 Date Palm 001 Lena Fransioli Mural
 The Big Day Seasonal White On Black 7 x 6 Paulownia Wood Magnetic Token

---

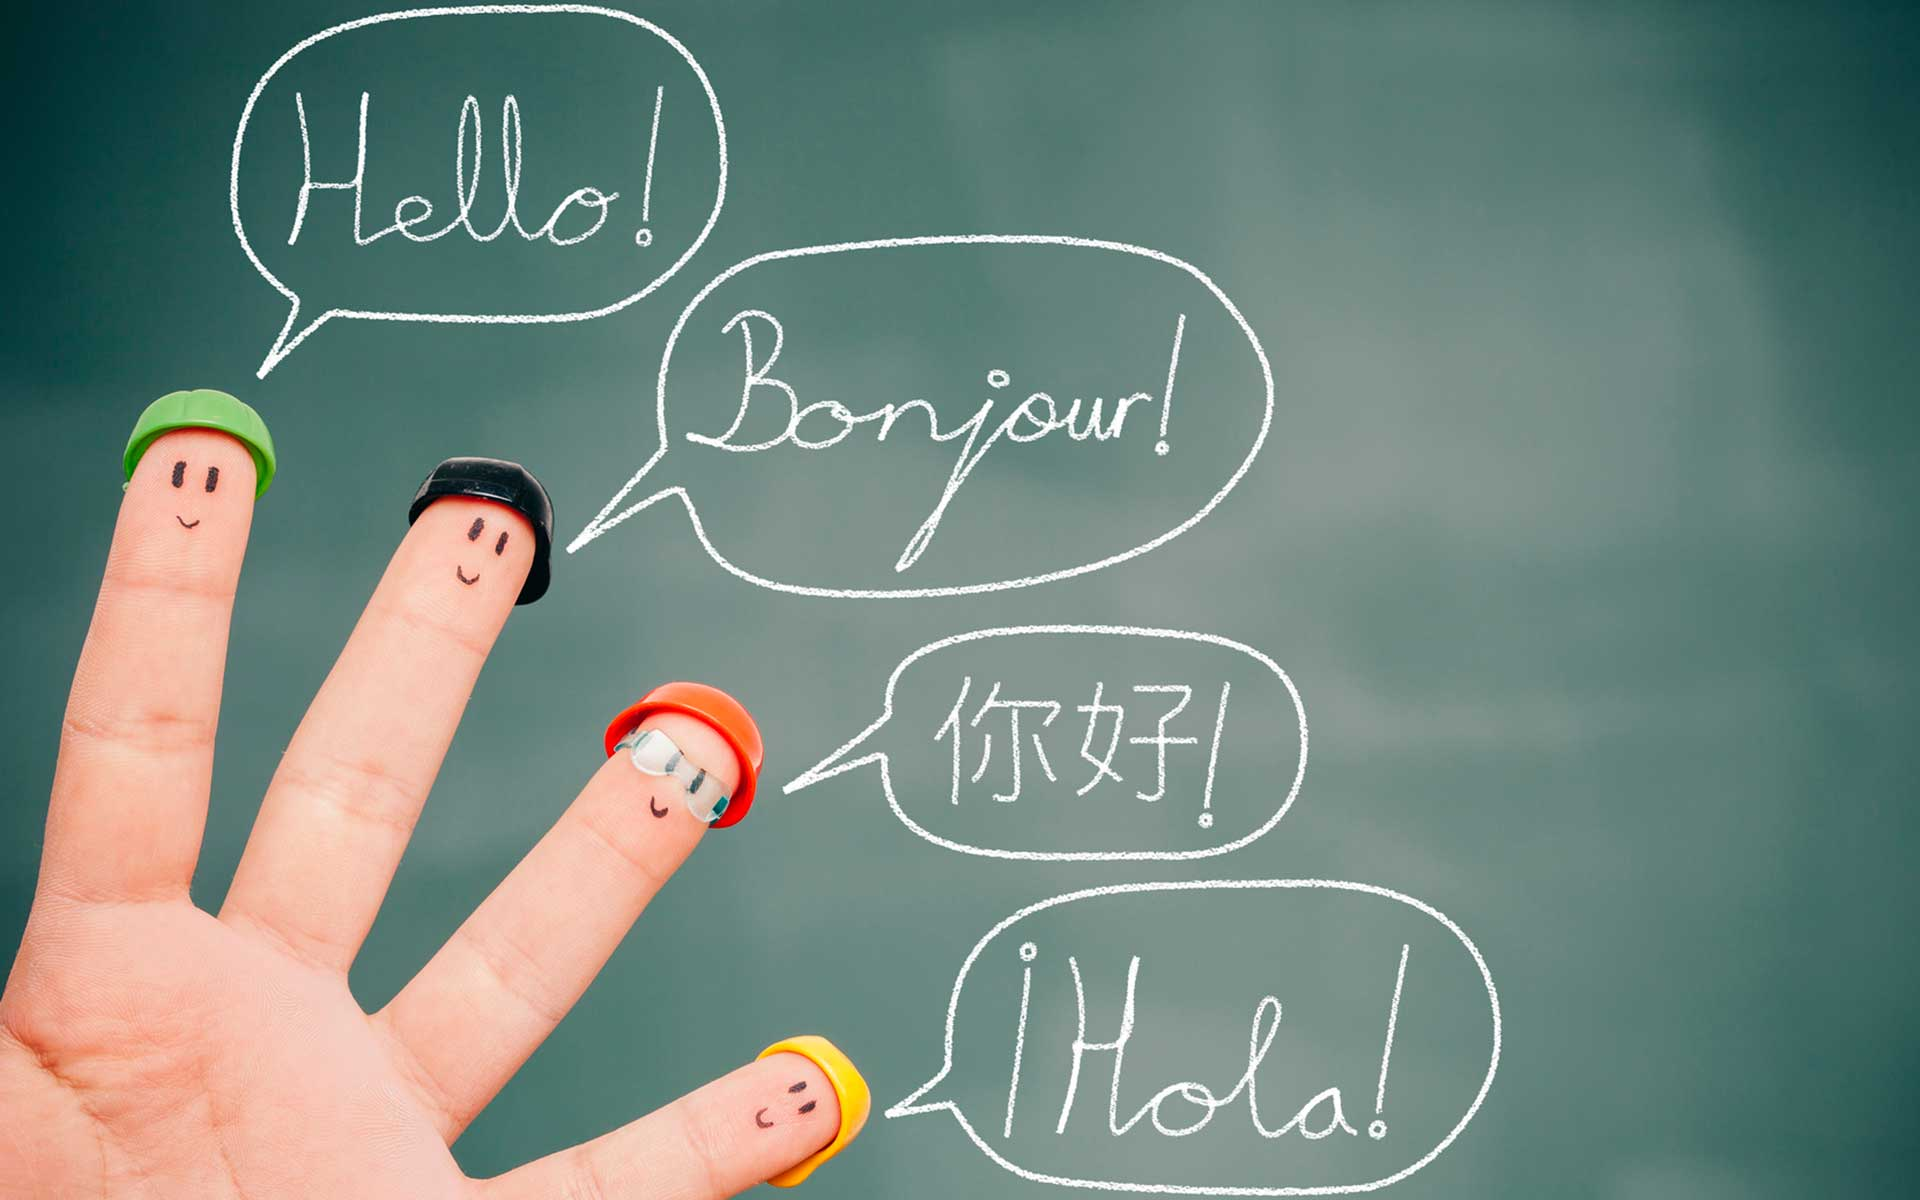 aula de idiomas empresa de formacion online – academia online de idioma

• EXERCISE REQUIREMENTS: In the listing above, find the line with "Date Palm 001 Lena Fransioli Mural" and the line with "The Big Day", then reproduce both and every line between them exactly.

• SOLUTION FOR THIS PROBLEM:
 Date Palm 001 Lena Fransioli Mural
 The Big Day Seasonal White On Black 7 x 6 Paulownia Wood Magnetic Token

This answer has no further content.